If memory served, Mr. Stevens indicated it was basically due to the Lieutenant Governor’s economic development responsibilities. Since the beginning of the current legislative session, the office had seen an increase in persons wanting to discuss economic development and other issues with the Lieutenant Governor or her staff, and she felt the position was necessary.

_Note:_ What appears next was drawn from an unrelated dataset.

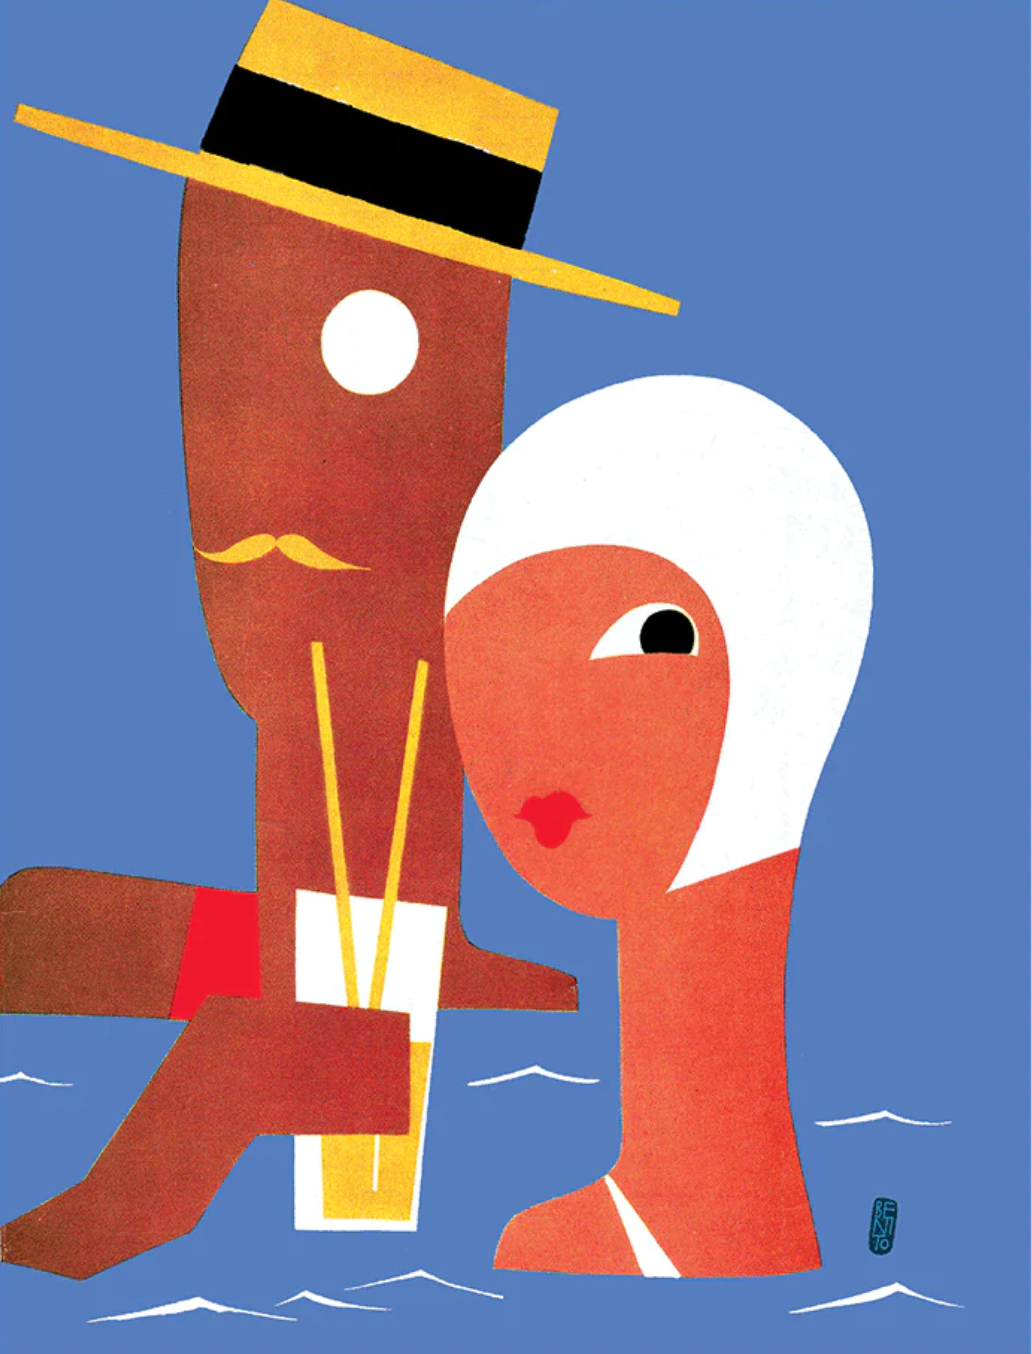 A geometric Art Deco-style illustration of a man and woman couple in the water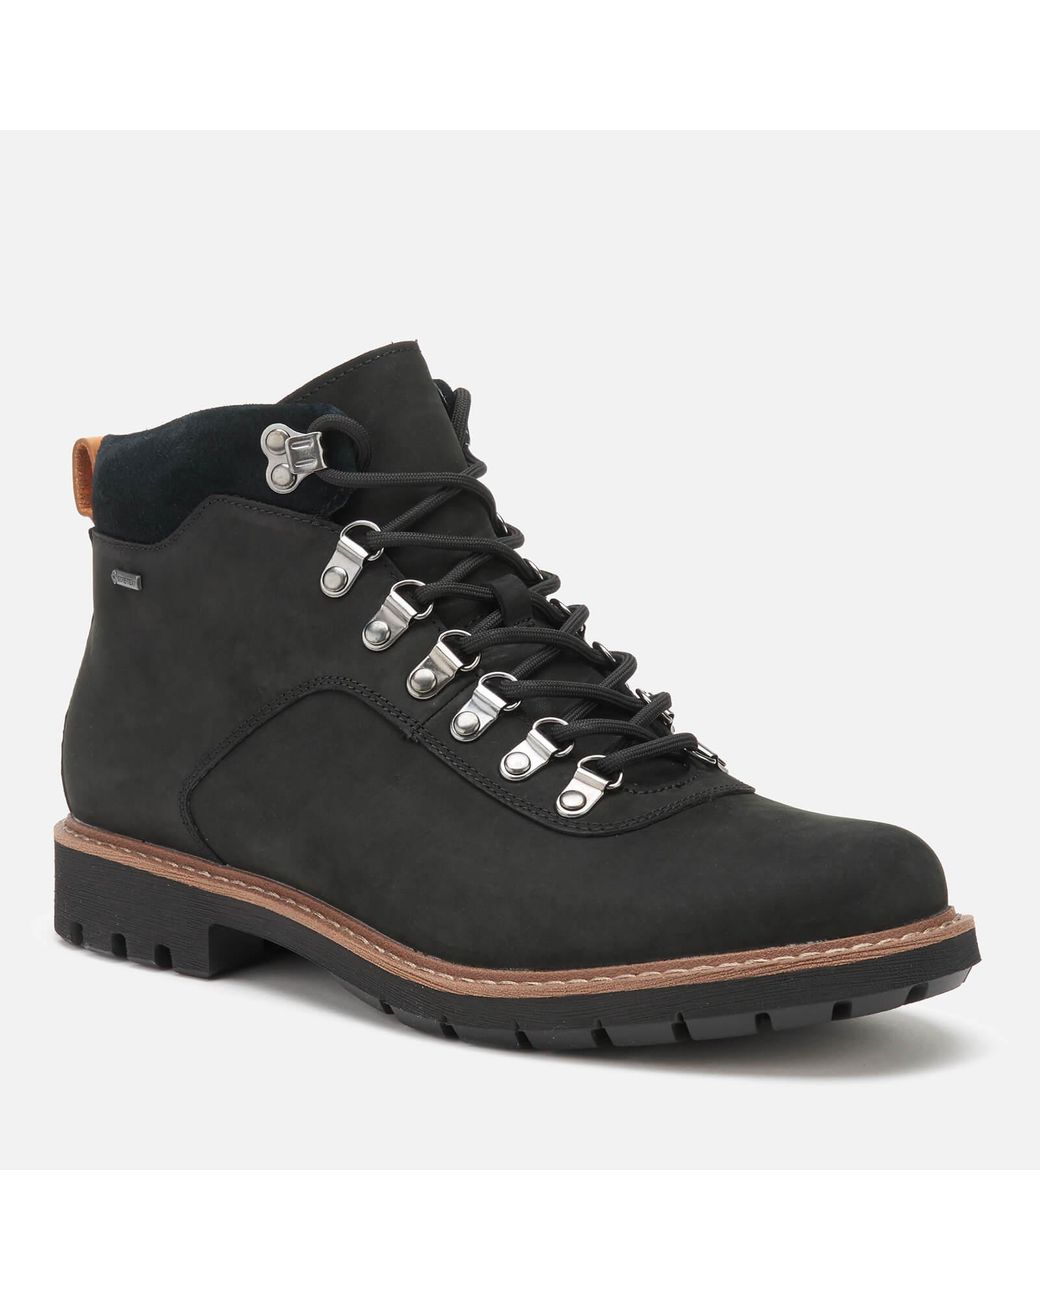 Clarks Alp Gore-tex Nubuck Style Boots in Black for | Lyst Canada

Ms. Giunchigliani commented she did not know if that was a justifiable interim position. She stated she could understand the traffic during session, however, the Economic Development Commission was open and available during the interim, and calls could also be made to the Las Vegas Office. Ms. Giunchigliani indicated she simply was unsure if the position was justified. She did not want to see a secretary just sitting in a room when there was no real business to take care of. Persons could go to Tourism or Economic Development in the interim. Because the legislature was in session and the Lieutenant Governor was accessible, persons were currently accessing her office. Ms. Giunchigliani stated she did not recall any testimony when the budget was heard in subcommittee that would provide justification for a new position.
Perry Comeaux, Executive Director, Department of Administration advised that Mr. Stevens’ explanation for justification of the position was basically the reason it had been requested. The Lieutenant Governor had expressed her intention to really focus on economic development issues, and she felt it was very important to maintain an open office in Carson City, year around, to assist her in that endeavor. Mr. Comeaux stated, to his recollection, there were no specifics presented during testimony about accomplishments that the Lieutenant Governor anticipated in terms of collecting information, et cetera. However, she did feel very strongly that it was important that a Carson City office be maintained, which was why it was included in The Executive Budget.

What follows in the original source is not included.